小福子对着石院首抱怨着:“陛下今日泡温泉时,镇南王突然带人闯入抓刺客,陛下这才不慎受了风寒。”
这番话半真半假,最叫人难以分辨。
沈淮之原本正在家中研读医书,突然被一阵急促的敲门声打断。
听闻陛下龙体抱恙,他心中大骇,立刻放下手中的医书,一刻也不敢耽误,匆匆赶往乾清宫。
当他踏入乾清宫的偏殿时,目光扫过屋里的二人,心中不禁微微一怔。
只见一宫娥装扮之人坐在床榻上,他一眼就认出了那人是苏十安。
原来她穿女装是这样的。
沈淮之的心中疑惑丛生,却不敢贸然开口询问。
他难道已经向陛下坦白了自己的秘密了?
沈淮之在心中暗自揣测,却仍然故作不知,开口问道:“这位宫人是...”
“淮之,你也没认出她吧?她是十安。”
沈淮之闻言,再次看了一眼苏十安,只见她对自己眨了眨眼睛,示意他不要多说。
他心中了然,微微皱起眉头,故作惊讶地说道:“九千岁原来还有女装癖?真是让人大开眼界啊。”
苏十安闻言,瞪了沈淮之一眼,假装生气地说道:“你这个沈淮之,少来曲曲本座。本座自有本座的顾虑。”
沈淮之与苏十安在外人面前总是装作不熟,甚至有时候还会有些针锋相对。然而,这却是他们为了更好地保全对方而故意为之。
陆景珩解释,“十安为了在宫内替朕找一物,也是为了万不得已才出此下策的。
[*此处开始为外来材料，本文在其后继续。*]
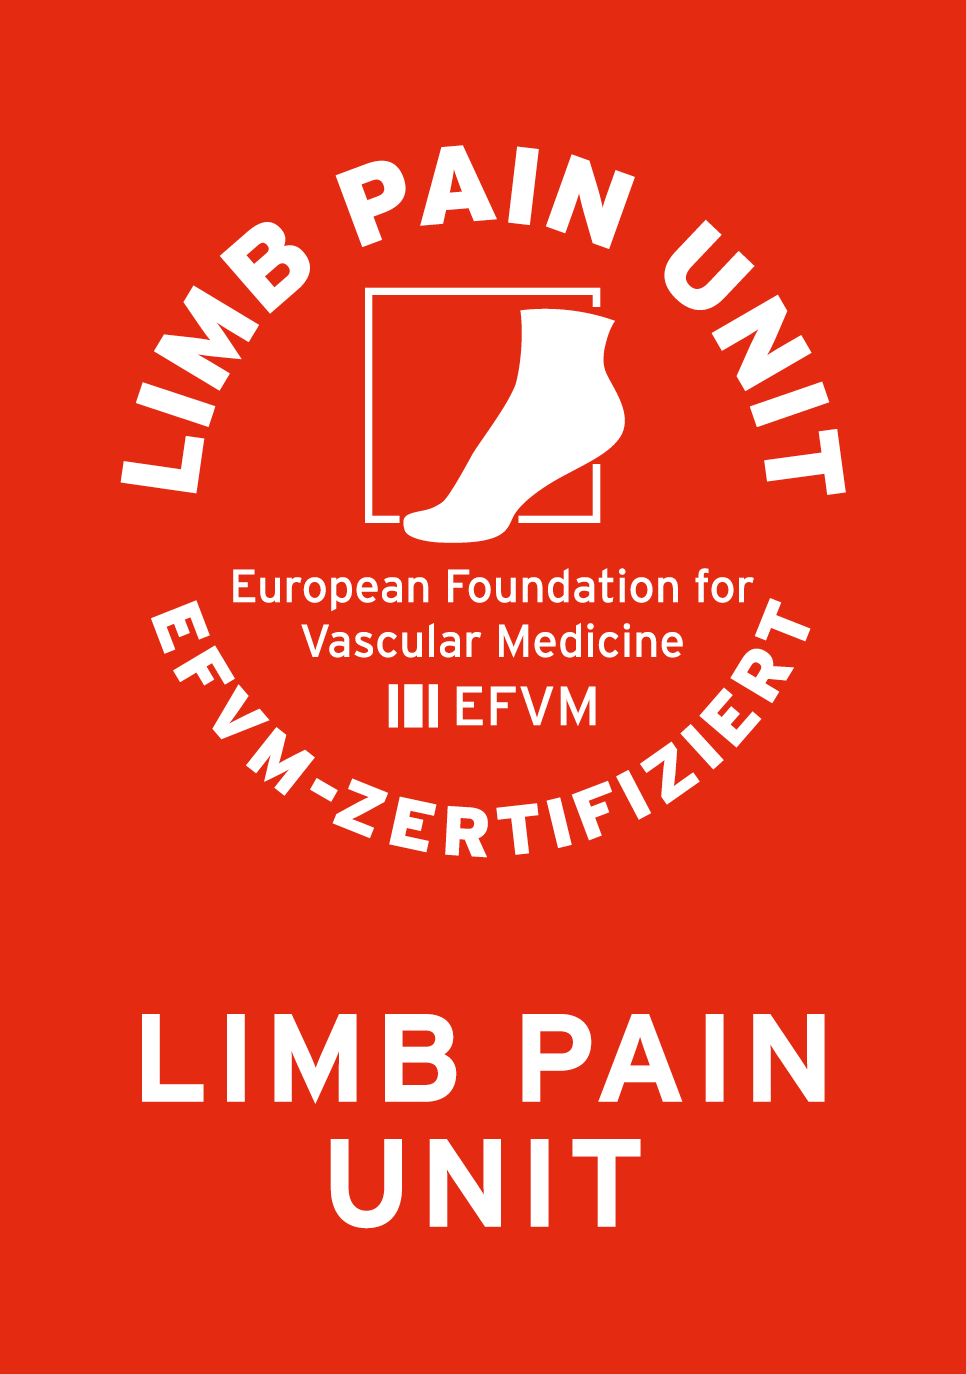 LIMB PAIN UNIT EFVM Programm zur Etablierung von Beinschmerzambulanzen in enger Kooperation mit Kardiologen, Gefäßchirurgen, Angiologen

”
沈淮之闻言,眉头微挑:“这宫里还有九千岁不能堂而皇之搜查的地方吗?以您的权势,何须如此大费周章?”
苏十安在一旁翻了个白眼,没好气地反驳道:“你懂个屁!若是大张旗鼓地搜查,岂不会打草惊蛇?我这叫忍辱负重,懂不懂?”
沈淮之嗤笑一声,“所以就要穿女子的衣衫?”
他刚才进屋见到她的女子装扮实在是吓了一大跳的,此刻内心还在砰砰直跳。
若是被帝王知道真相....他这些年替苏十安隐瞒的秘密也将大白于天下,到那时,他恐怕难逃欺君之罪。
“这宫里随处可见的不就是太监和宫女吗?我若扮成太监,岂不是多此一举?本座本来就是啊。这谁不知道本座,谁又不认识本座!要乔装当然要让人意想不到。”
沈淮之听完,一时竟无言以对。
他心中暗骂苏十安鲁莽、混蛋,却也不得不佩服她的机智。
“臣是个医者,不懂那些。臣还是为九千岁看看伤口吧。怎么伤的?”
“中了暗器。”
沈淮之夫人目光落在了苏十安身上,又顾忌到皇帝陆景珩在场,便恭敬地开口道,“陛下,臣接下来要为九千岁处理伤口,过程中可能会有污血流出,场面有些脏乱,还请陛下回避一二。”
陆景珩闻言,眉头紧锁,眼中满是不愿。
“朕不走,朕要亲自守着她,十安是为了替朕调查才受的伤,朕怎能弃她而去?”
沈淮之闻言,面部微微抽搐。
苏十安连忙开口劝阻:“陛下,您还是先出去吧,臣真的不习惯被人这样观看。”
然而,陆景珩却固执地摇了摇头:“你老实躺好,把裤子脱了。朕要亲眼看着你上好药,才能安心。”
苏十安闻言,惊得瞪大了眼睛,半晌说不出话来。
她从未想过,自己会在皇帝面前脱裤子,这简直太过荒唐了!
过了许久,她才终于找回了自己的声音,颤抖着问道:“为……为何要脱裤子?”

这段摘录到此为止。